Eru berarar av ílegu fyri glykogengoymslubreki og fólk við lágum karnitini í blóðinum í serligum vanda fyri typu 2 diabetes.
Deildin fyri Arbeiðs- og Almannaheilsu
Jens Andreassen, Prof. David A. Weinstein, Prof. Nicola Longa, Debes H. Christiansen og Jónrit Halling
Stuðul úr Granskingargrunninum:
Incidence of type 2 diabetes mellitus (T2DM) is high in the Faroe Islands. Unhealthy diet, obesity and lack of exercise, generally accepted risk factors, contribute to the disease in some of the patients. Exposure to persistent organic pollutants like PCB and DDE e.g. by consumption of polluted marine food and insufficient vitamin D levels further add to the risk for T2DM in Faroese individuals. Two other factors might further increase the risk for developing T2DM: heterozygosity for glycogen storage disease type IIIa and insufficient carnitine levels. Both factors have genetic bases and are very common in Faroese.
We hypothesize that the risk to develop T2DM is higher in
- Carriers for glycogen storage disease type IIIa and
- Individuals with non-optimal blood carnitine levels.
To test this hypothesis we will compare three groups of individuals which were created in connection with the Faroese Diabetes Project. For this project, a total of 3,322 Faroese aged 40 to 79 years – including 276 persons previously diagnosed with T2DM – were examined intensely. This resulted in one group of 364 persons with confirmed T2DM. A second group of 350 persons had isolated impaired fasting glycemia (IFG) or IFG combined with impaired glucose tolerance (pre-diabetic). 309 persons with normal glucose tolerance which were matched by age and gender to the first group agreed to form a control group.
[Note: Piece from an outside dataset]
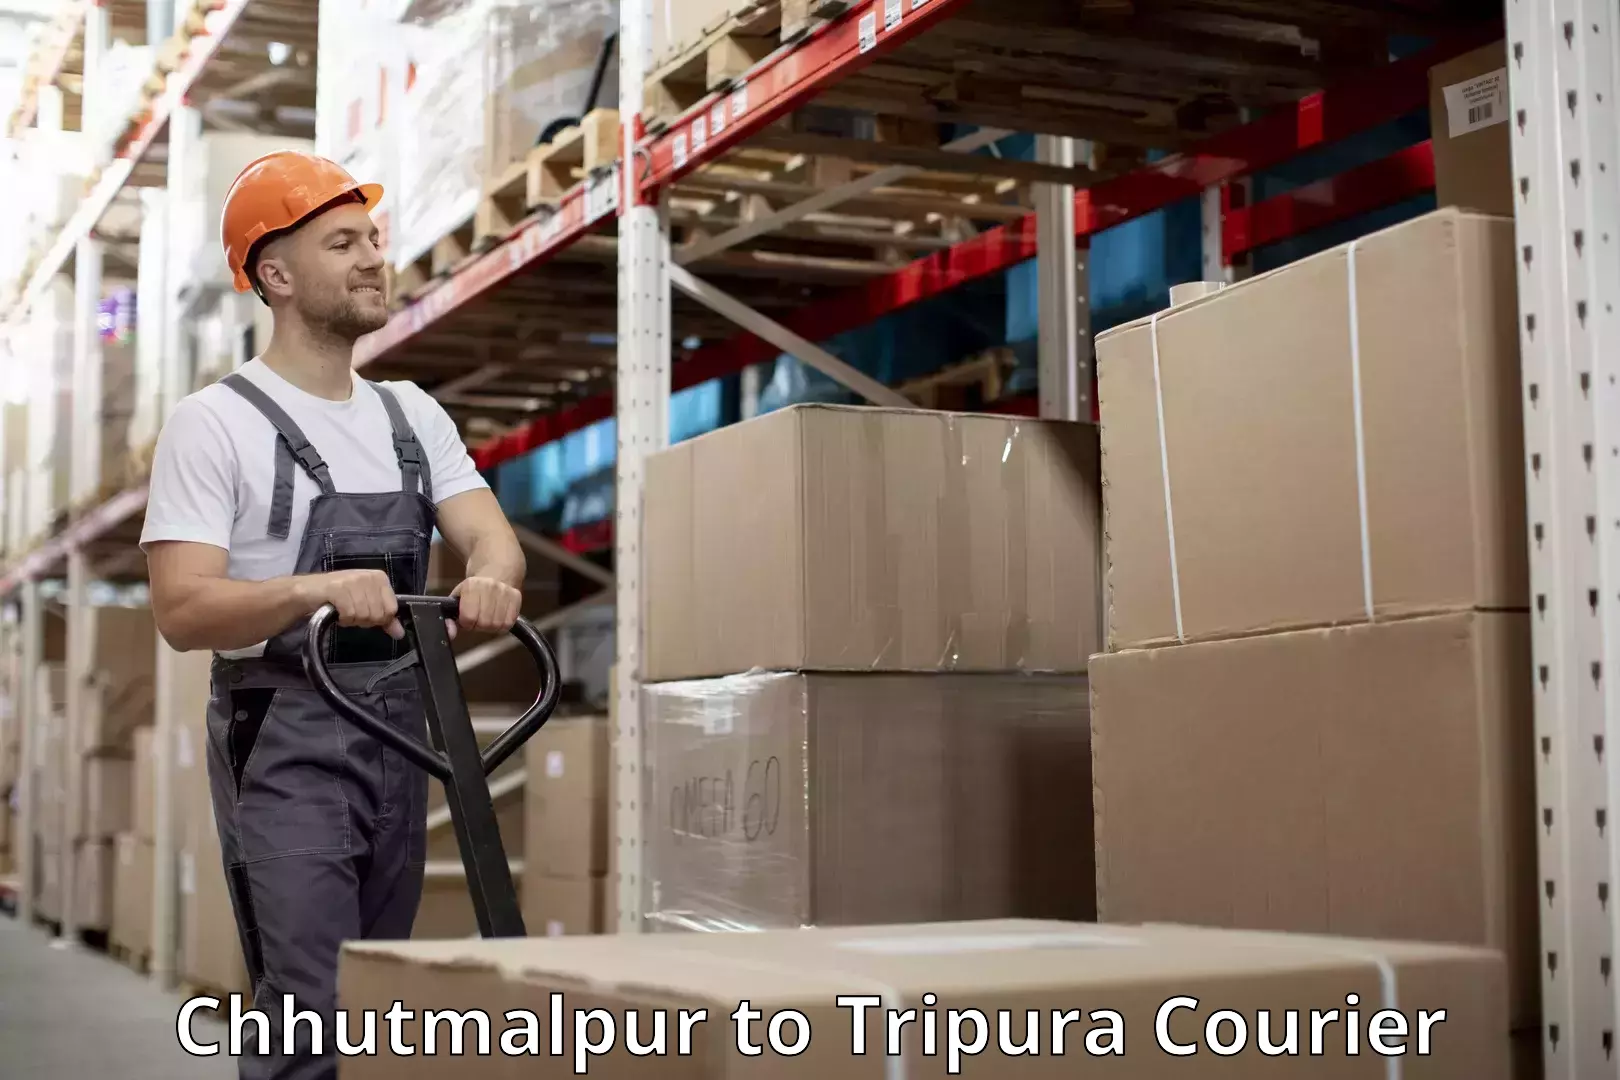 Door-to-door baggage service Chhutmalpur to Tripura

In all three groups, prevalence of carrier status for glycogen storage disease type IIIa and blood carnitine levels will be examined. Differences between groups will be tested for significance. Further models will be created to test effect of these proposed risk factors while using recorded health parameters (weight, height, waist and hip circumference and impedance measurement) as covariates.
This study will determine whether low carnitine levels or heterozygosity for glycogen storage disease IIIa are risk factors for T2DM in Faroese individuals. This risk could be reduced by carnitine supplementation (for those with lowered carnitine levels) and a single dose of cornstarch at bedtime (for GSD IIIa-carriers) in addition to standard preventive measures (weight reduction, exercise and a sufficient high dose of vitamin D).